Can the bank continue to collect the mortgage after the owner’s death?

by Alex Musk

Given the doubt about whether a mortgage loan can continue to be collected by the bank after the holder’s death, recent rulings in this regard seem to say that such action by the bank is not possible.

If the mortgage holder dies, the bank is legally obliged to contact the insurer to pay off the full amount of the mortgage loan. In this way, the Supreme Court itself dictates it, and this has been applied in the Investigating Court number 6 of Salamanca. Specifically, the bank is condemned to return to the heirs of the deceased person all the loan installments that have been collected after his death, 3,200 euros to be exact.

The sentence has been clear. The judge agrees with the relatives of the deceased person. However, he does not consider that the bank breached the contract it signed with the deceased owner since it was not proven that the heirs communicated the death before the loan repayment date. Despite this, it recognizes the damage that it may have caused to the relatives of the deceased, in such a way that it condemns the entity to return the money that was collected. However, it will not be necessary to pay the expenses generated by the trial.

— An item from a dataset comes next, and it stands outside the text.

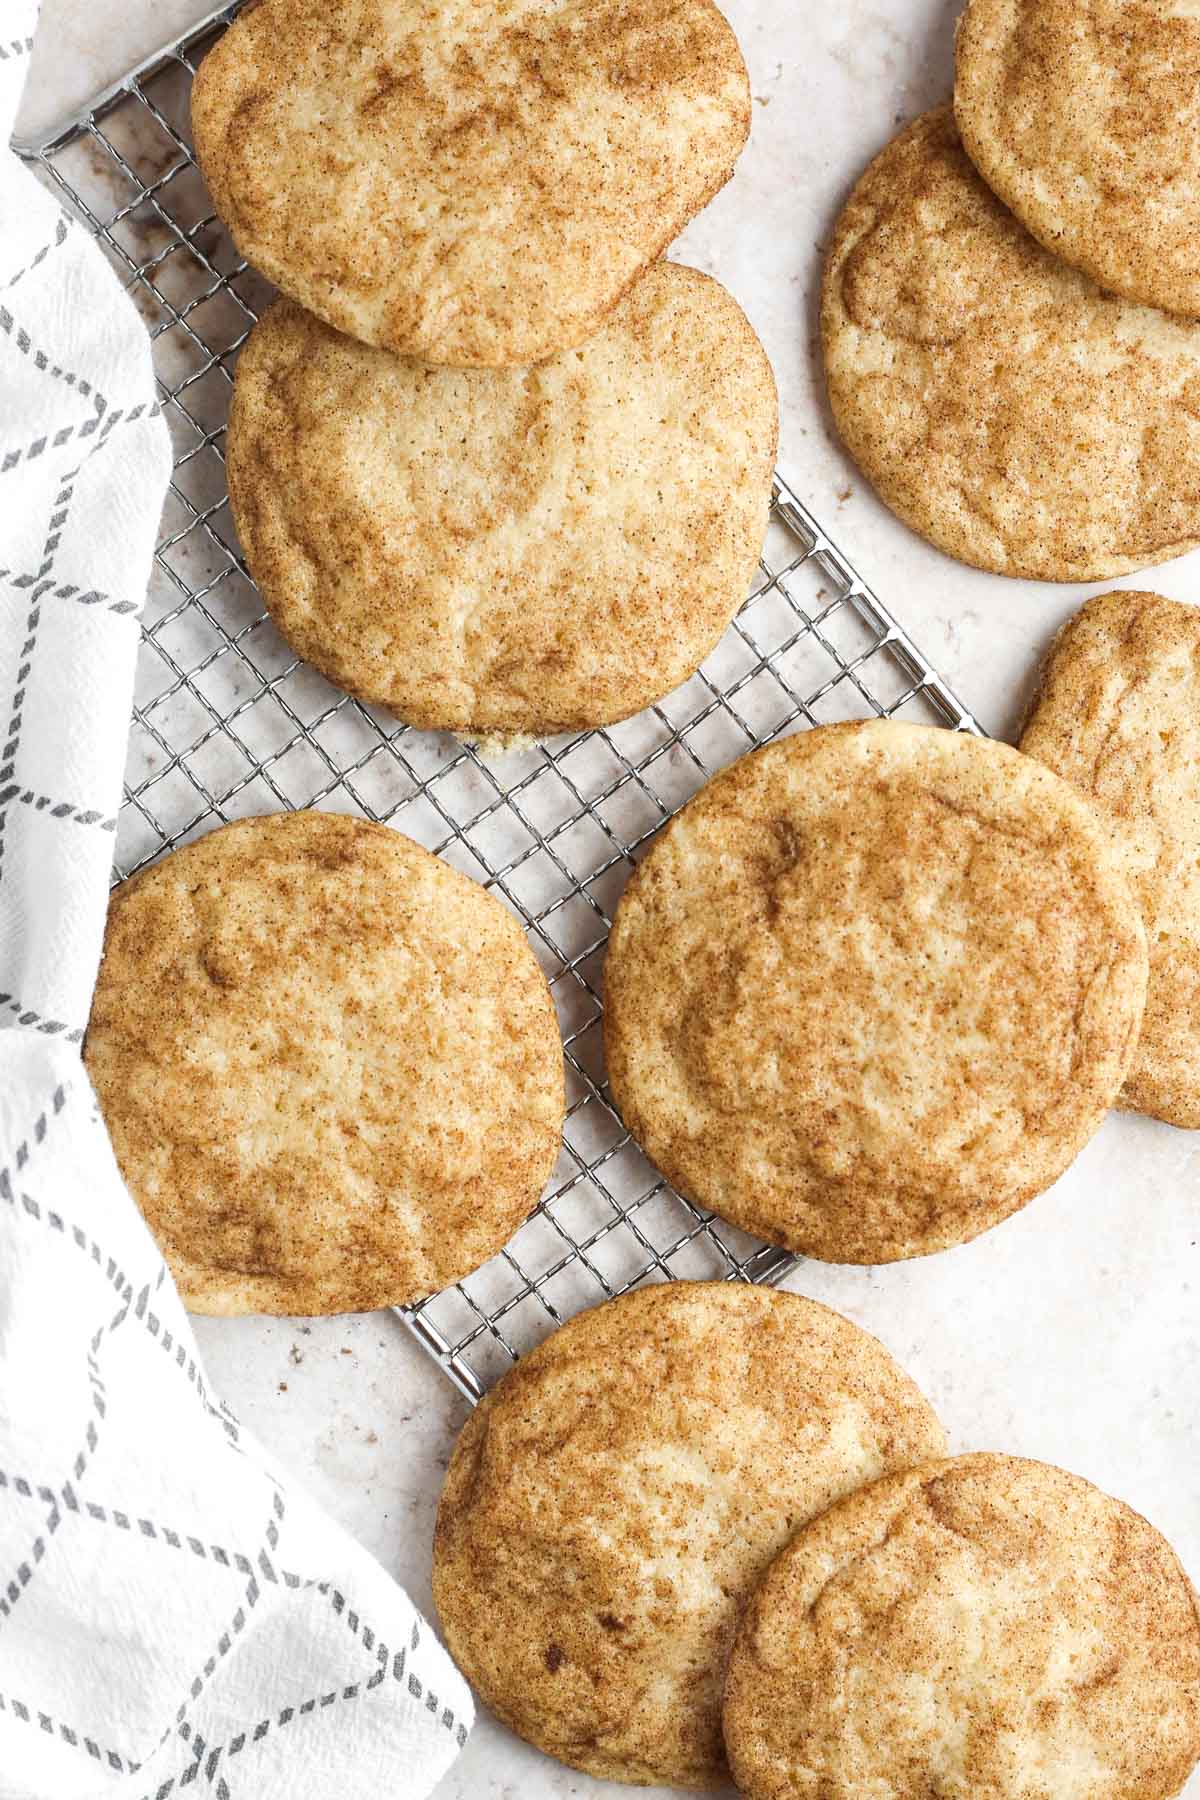 baked snickerdoodle cookies on a wire tray.

For their part, the plaintiffs made it clear that they verbally communicated what had happened to the bank, and even so, the bank continued to collect the expenses corresponding to the mortgage. His lawyer also argues that the existence of linked life insurance was more than enough for the entity to know of the death of the holder of the mortgage loan so that he could immediately contact the insurer to settle the said loan. . Therefore, it seems to him a contradictory resolution. He considers that the bank should have received a much worse sentence.


The lawyer denounces, on the other hand, that this type of ruling discourages consumers from claiming their rights, since they are going to have to make an outlay that, in most cases, will be higher than the reward they will obtain in court. We find that the judges seem reluctant to impose costs for reasons that escape us and in a way that is contrary to the doctrine of the Supreme Court and the European courts. This happens both in mortgage expense claims and in this case.

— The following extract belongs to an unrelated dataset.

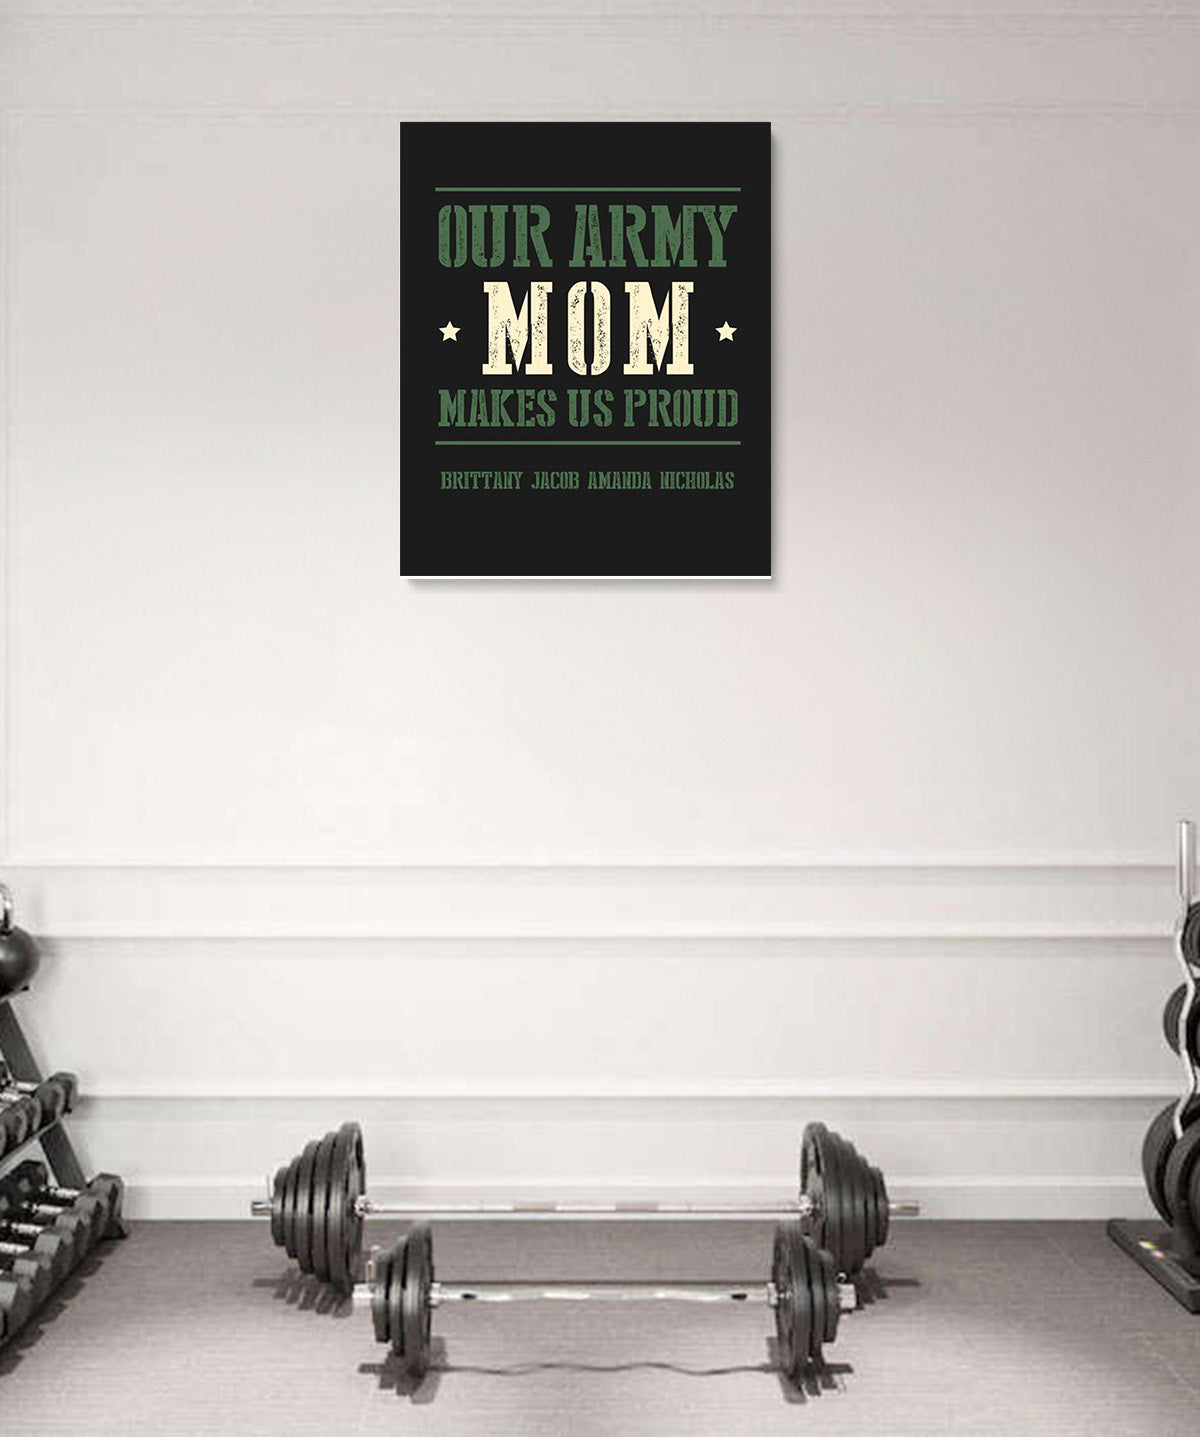 Our Army Mom Makes Us Proud - Customizable Wall Décor Canvas Art - Gift for Mom From Children

In this specific case, it is known that the client died in November 2016, and yet the bank continued to charge the relatives of the deceased for mortgage payments and a personal loan until June and July of the following year. If that were not enough, the plaintiffs showed that the deceased owner had taken out life insurance for credit amortization. Financial companies guarantee the collection of the debt in the event of disability or death.

Faced with this injustice, the heirs sued the financial institution for breach of contract and acting against good faith and respect for morality, requesting damages based on the doctrine established by the Supreme Court in 2017.

Unfortunately, the court in question did not find a breach of contract or reprehensible conduct since it could not be shown that the bank was aware of the death of the mortgage holder at the time the payments were collected. Finally, although the sentence is favorable to the plaintiffs, the bank is not condemned to pay the costs of the trial, which are probably much higher than the 3,200 euros that the entity must return to the heirs.